■ Task input ■
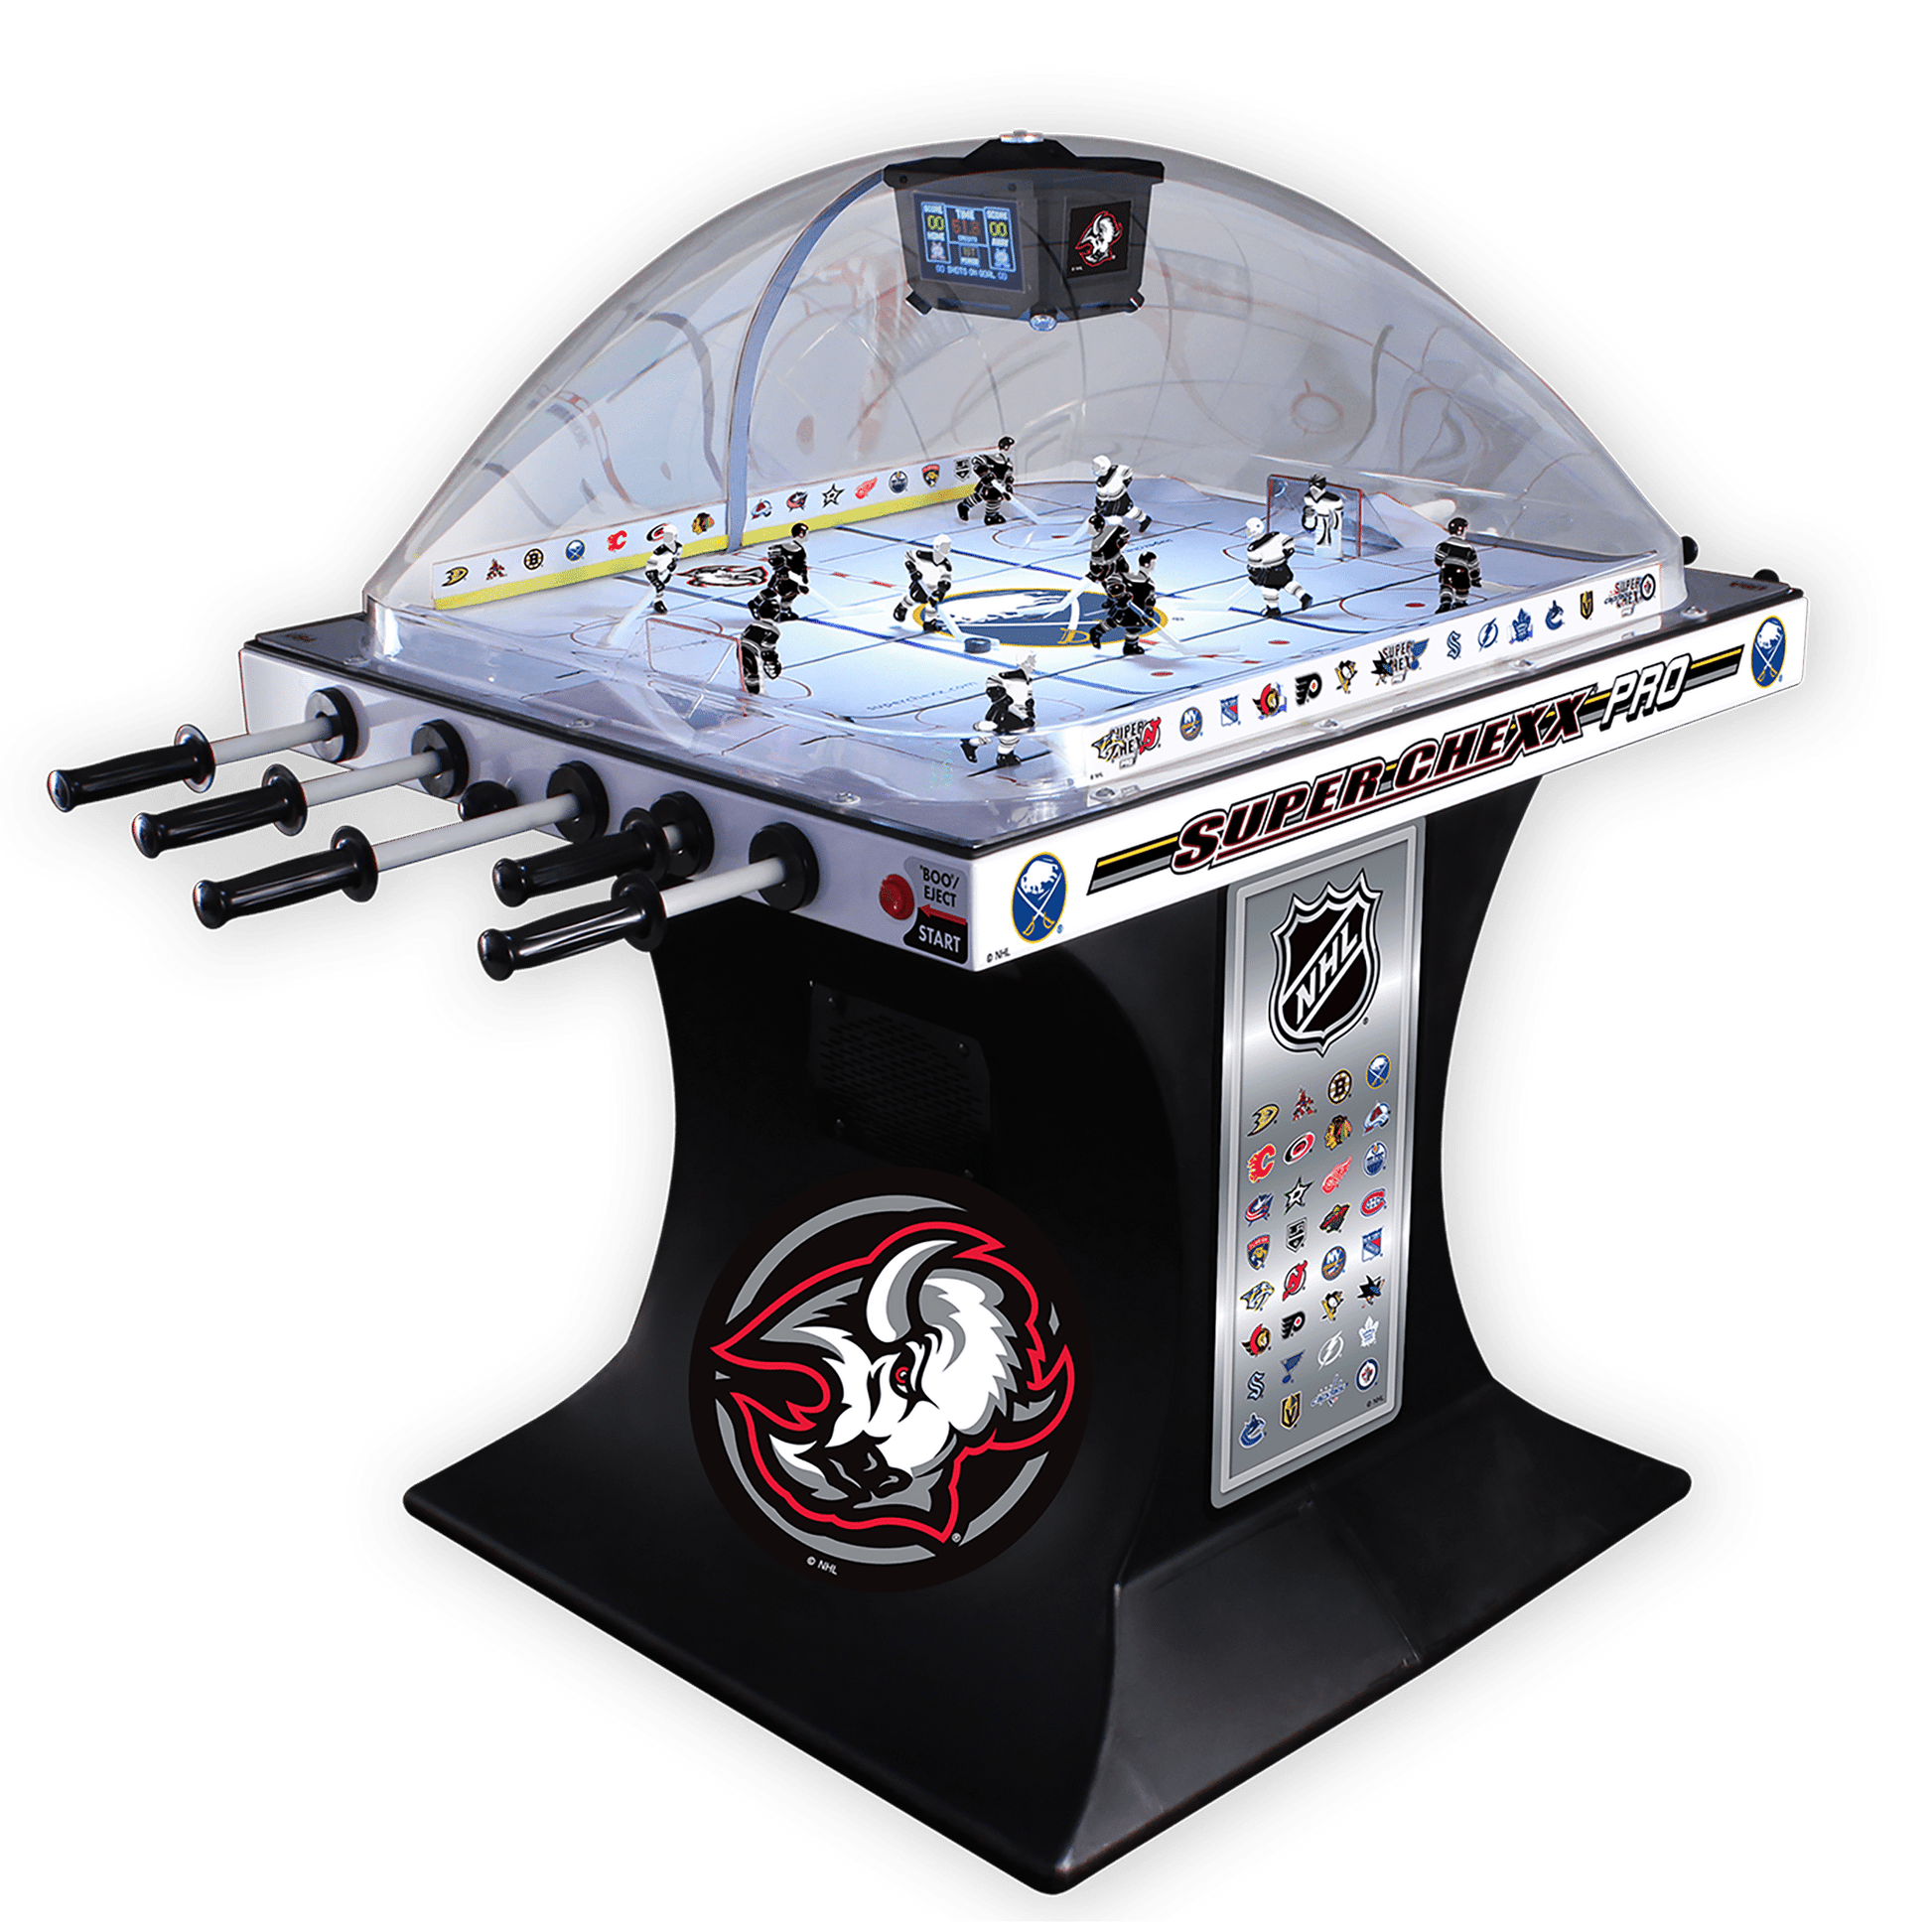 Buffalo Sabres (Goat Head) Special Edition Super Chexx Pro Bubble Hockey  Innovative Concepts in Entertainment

---

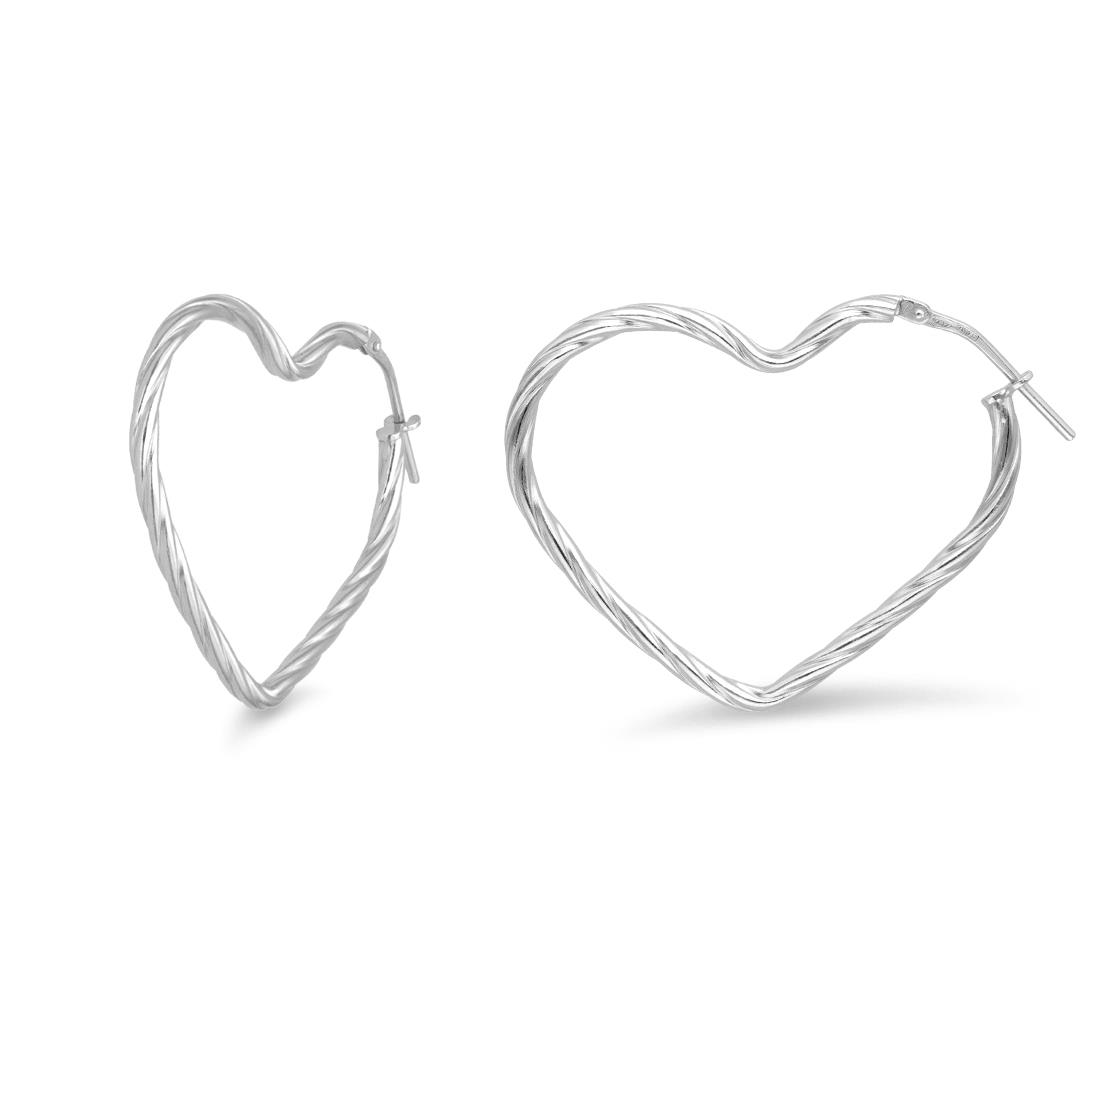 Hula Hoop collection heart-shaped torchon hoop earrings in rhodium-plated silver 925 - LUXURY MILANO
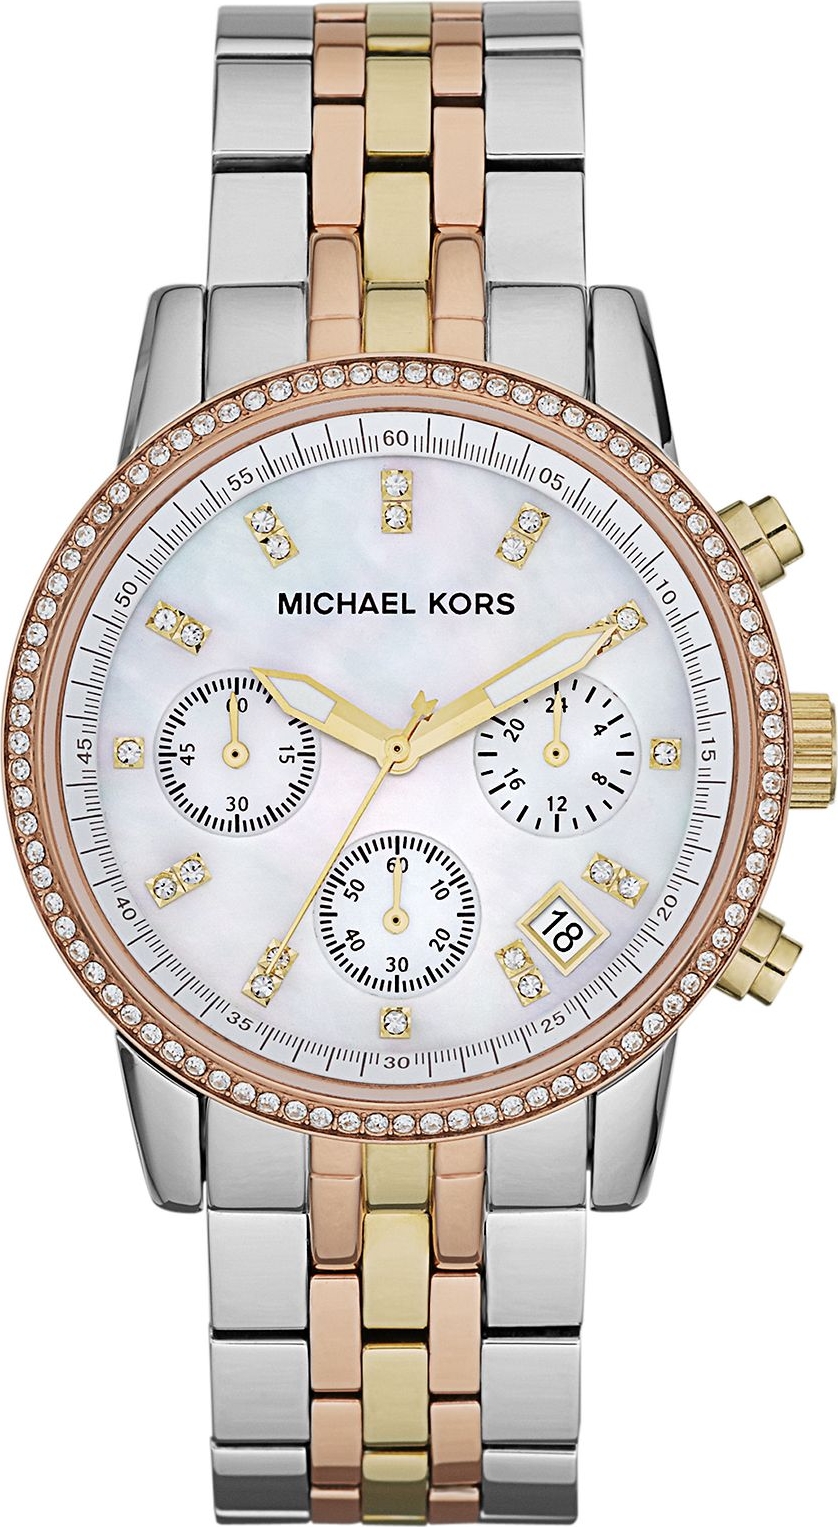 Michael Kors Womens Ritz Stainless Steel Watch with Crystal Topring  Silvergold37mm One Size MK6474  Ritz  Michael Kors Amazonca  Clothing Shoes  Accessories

■ Aim of the exercise ■
Work from the entries above. Set down exactly and only the lines from the line with "Hula Hoop collection" to the line with "Michael Kors Womens", both included, and leave the pictures out.

■ Written answer ■
 Hula Hoop collection heart-shaped torchon hoop earrings in rhodium-plated silver 925 - LUXURY MILANO
 Michael Kors Womens Ritz Stainless Steel Watch with Crystal Topring  Silvergold37mm One Size MK6474  Ritz  Michael Kors Amazonca  Clothing Shoes  Accessories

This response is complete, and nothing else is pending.